Given information:
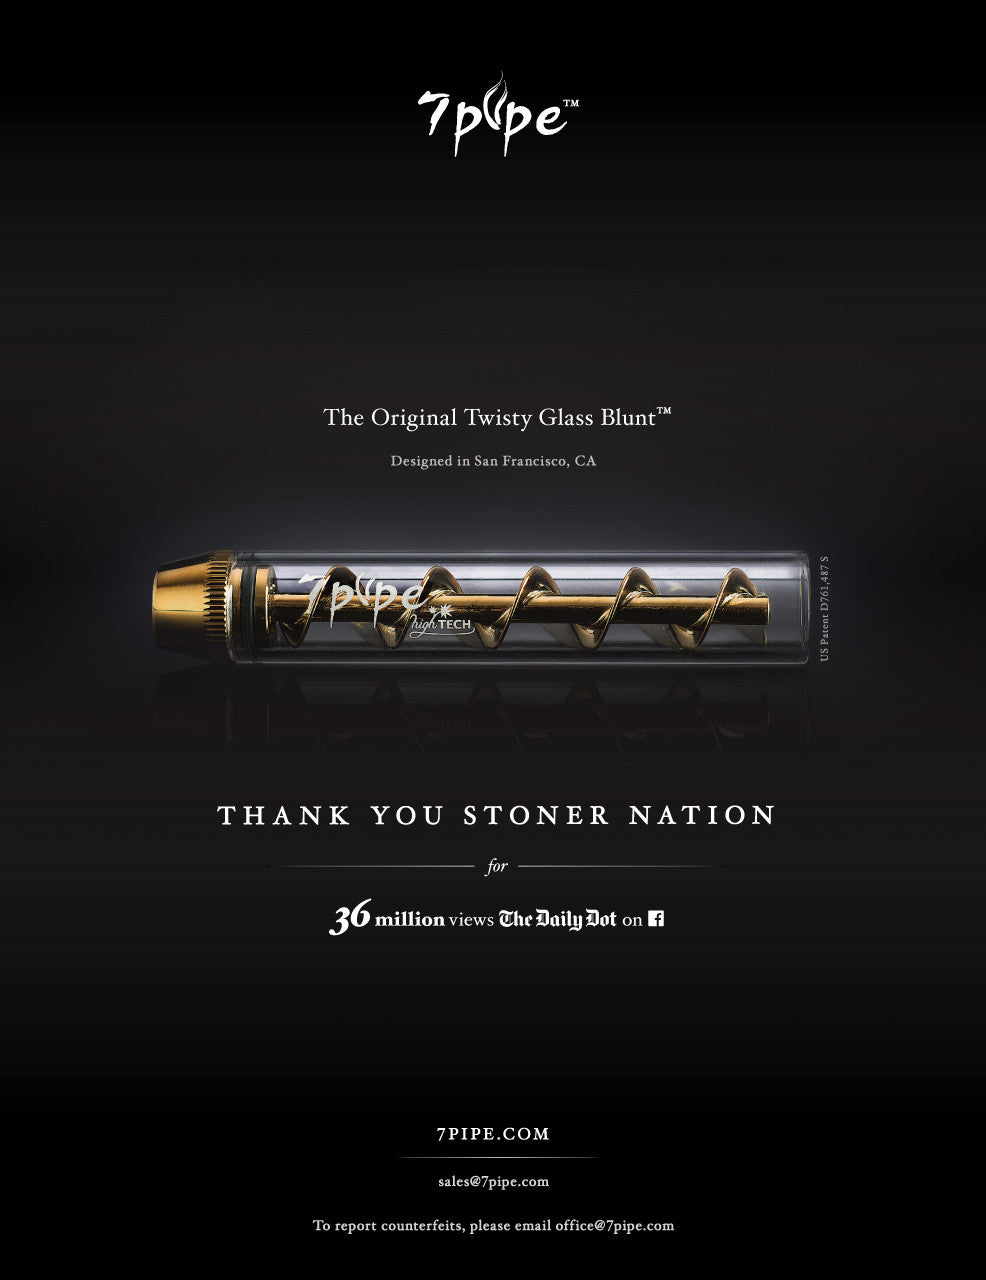 7PIPE Ad Gallery  |  Twisty Glass Blunt  |  Thank you Stoner Nation
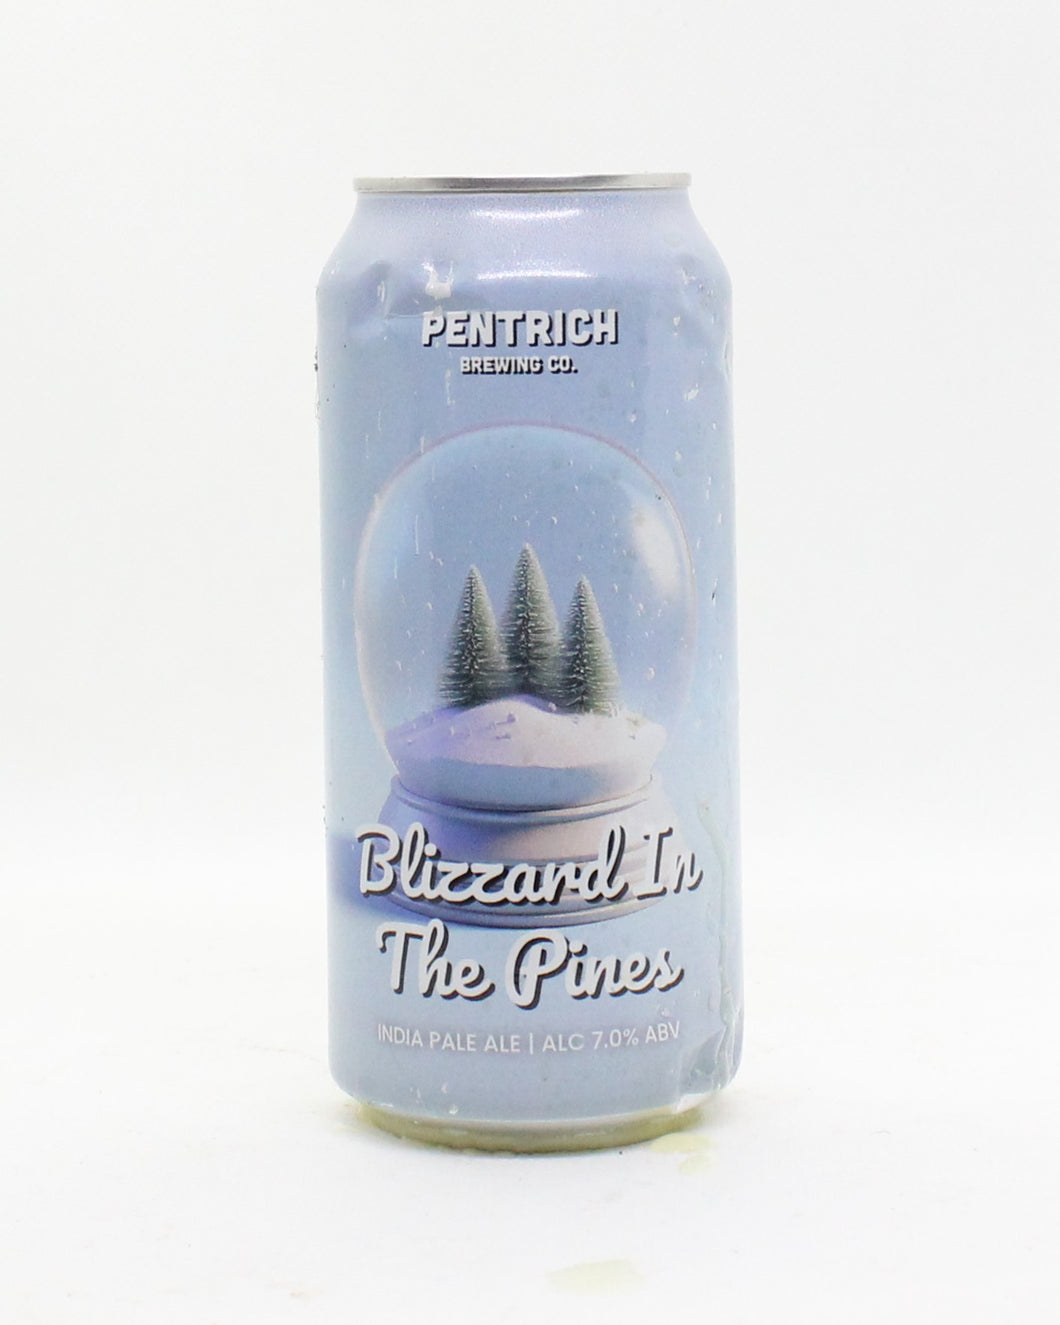 Pentrich Blizzard In The Pines
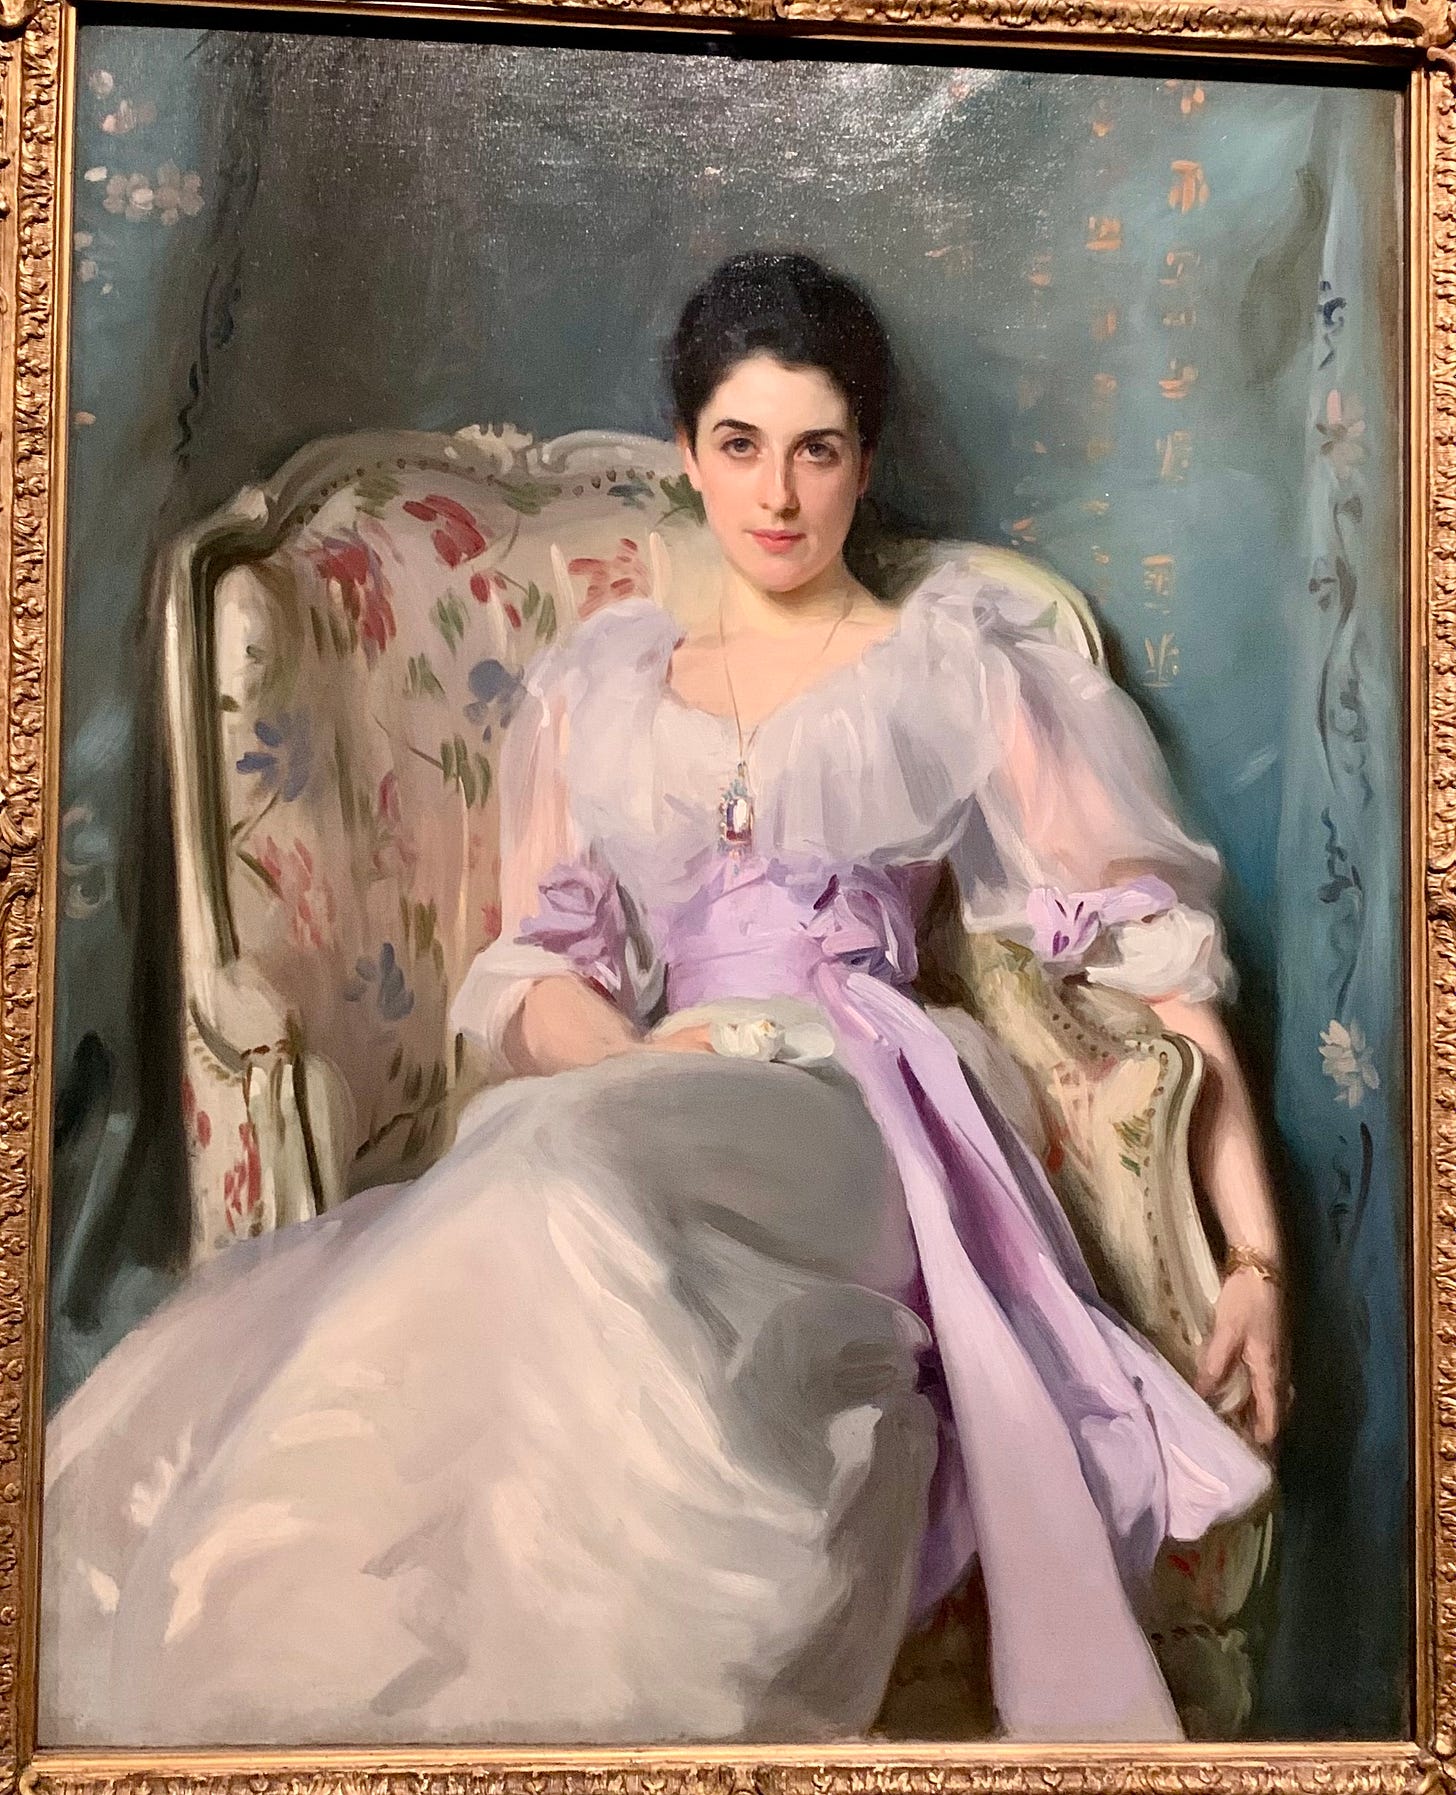 View of Sargent portrait Lady Agnew of Lachdaw
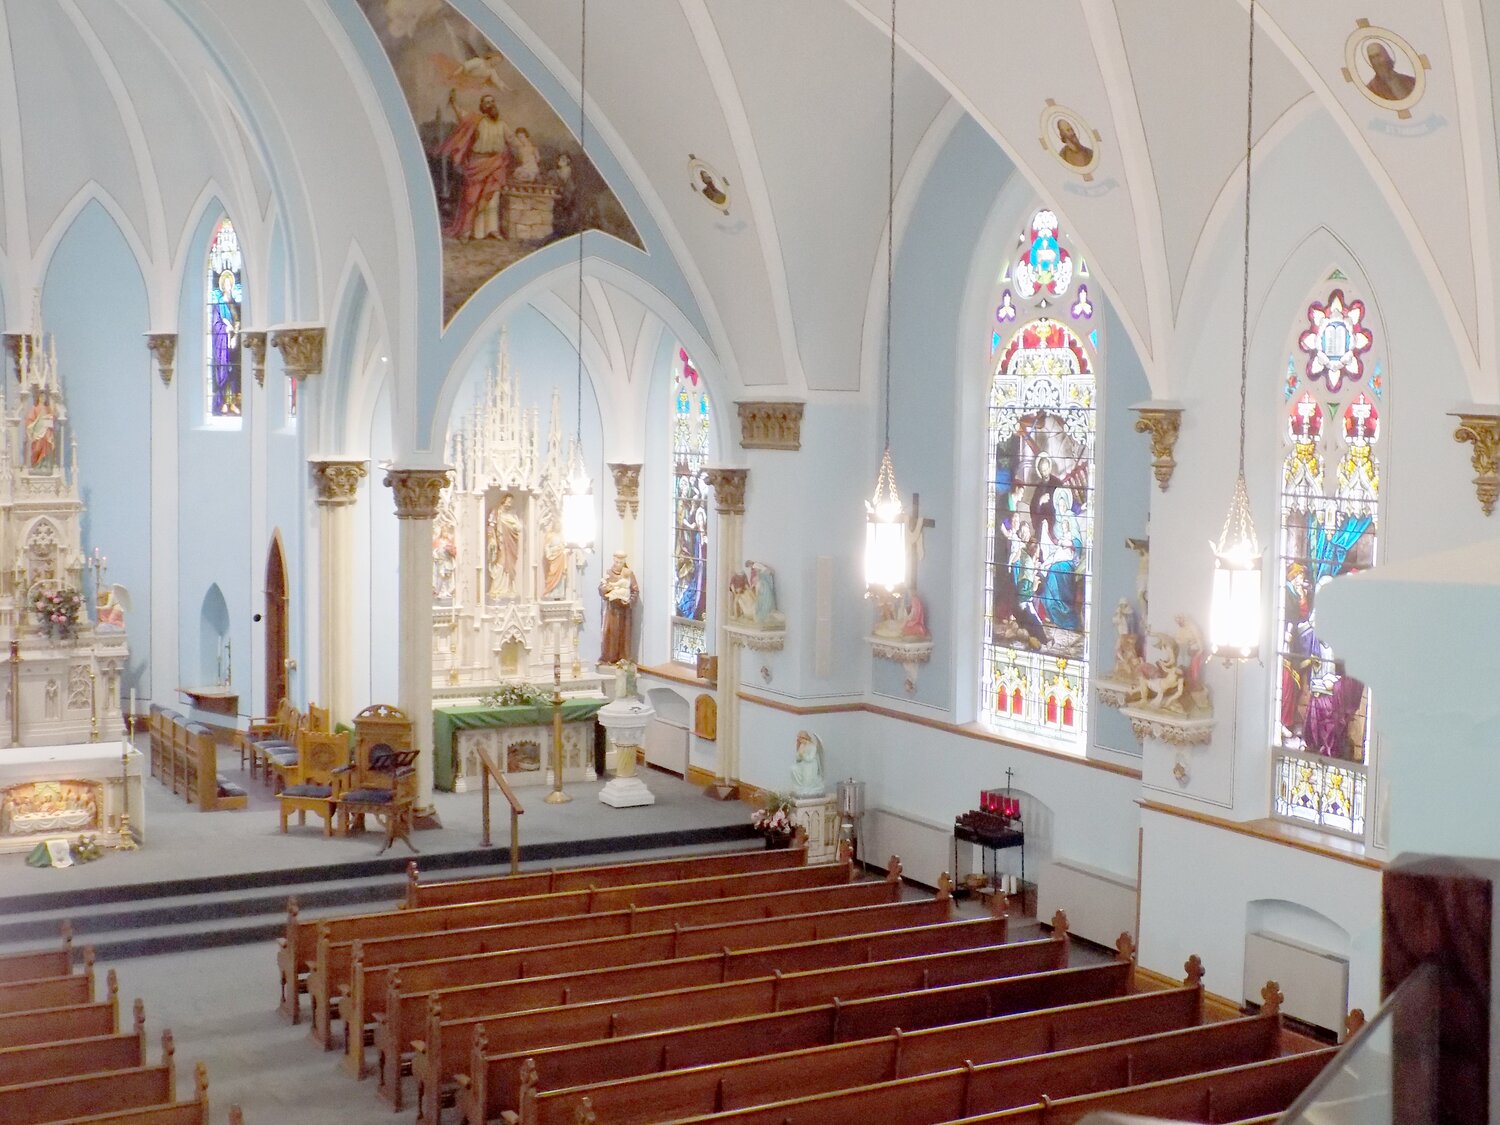 Sacred art surrounds parishioners at St. Mary’s, from ceiling frescos and paintings to statuary, stained-glass windows, and the Stations of the Cross.

Problem details: Everything in the preceding material must be transcribed exactly, except the images.

Answer for the task:
 7PIPE Ad Gallery  |  Twisty Glass Blunt  |  Thank you Stoner Nation
 Pentrich Blizzard In The Pines
 View of Sargent portrait Lady Agnew of Lachdaw
 Sacred art surrounds parishioners at St. Mary’s, from ceiling frescos and paintings to statuary, stained-glass windows, and the Stations of the Cross.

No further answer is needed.